AI21-Jamba-Mini-1.6

Property	Value
Parameter Count	12B active / 52B total
Architecture	Hybrid SSM-Transformer
Context Length	256K tokens
License	Jamba Open Model License
Knowledge Cutoff	March 5, 2024
Languages	English, Spanish, French, Portuguese, Italian, Dutch, German, Arabic, Hebrew

What is AI21-Jamba-Mini-1.6?

AI21-Jamba-Mini-1.6 is a groundbreaking language model that combines Selective State Memory (SSM) and Transformer architectures to deliver superior performance in long-context tasks. With 12B active parameters and 52B total parameters, it represents a significant advancement in efficiency and capability, particularly excelling in enterprise applications like RAG workflows and document analysis.

Implementation Details

The model employs a sophisticated hybrid architecture that can be deployed using various methods, including vLLM for efficient inference and transformers library for direct implementation. It supports both full-precision and quantized operations, with ExpertsInt8 quantization enabling deployment on a single 80GB GPU.
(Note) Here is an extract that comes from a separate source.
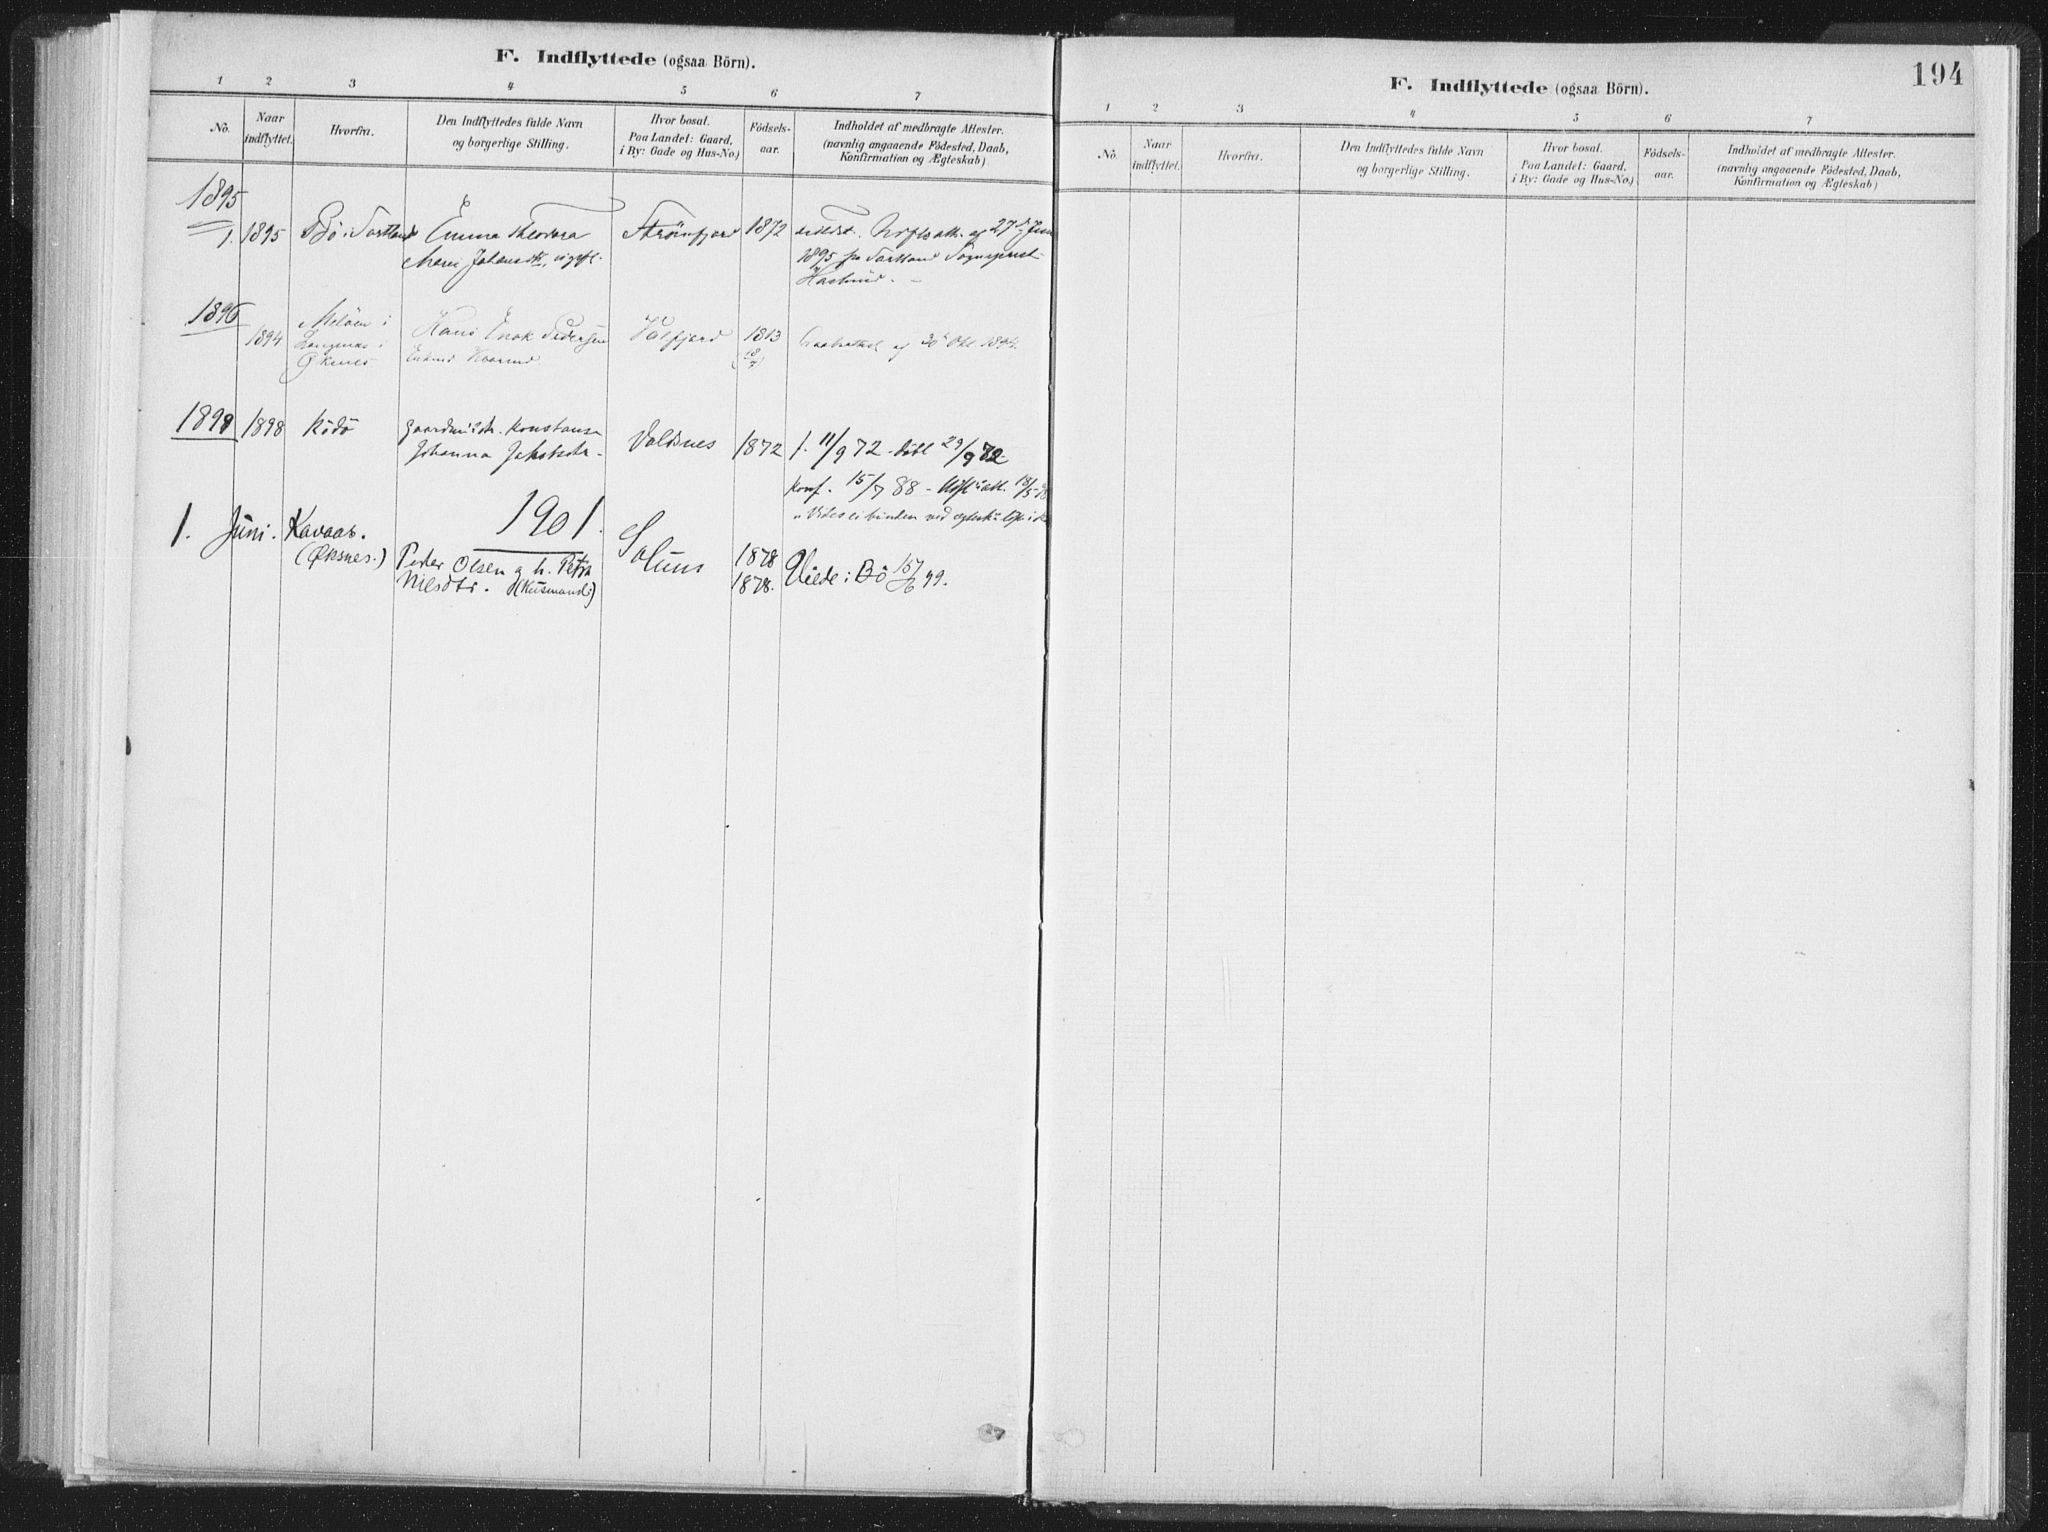 SAT, Ministerialprotokoller, klokkerbøker og fødselsregistre - Nordland, 890/L1286: Ministerialbok nr. 890A01, 1882-1902, s. 194

Requires minimum 2x 80GB GPUs for full operation in BF16 precision
Supports up to 256K context length
Includes optimized FlashAttention2 and Mamba kernels
Compatible with major deployment frameworks like vLLM and transformers

Core Capabilities

Exceptional performance on long-context tasks and benchmarks
Advanced tool use capabilities with standardized API
Support for fine-tuning through LoRA and QLoRA
Multi-language support across 9 languages
Superior benchmark performance compared to similar-sized models

Frequently Asked Questions

Q: What makes this model unique?

The model's hybrid SSM-Transformer architecture and efficient parameter usage allow it to outperform other open models on quality, speed, and long-context tasks, approaching the capabilities of leading closed models while remaining open for deployment.

Q: What are the recommended use cases?

The model excels in enterprise applications requiring long context processing, including RAG workflows, document analysis, and grounded question answering across lengthy documents. It's particularly suited for deployments requiring high-quality responses with extensive context understanding.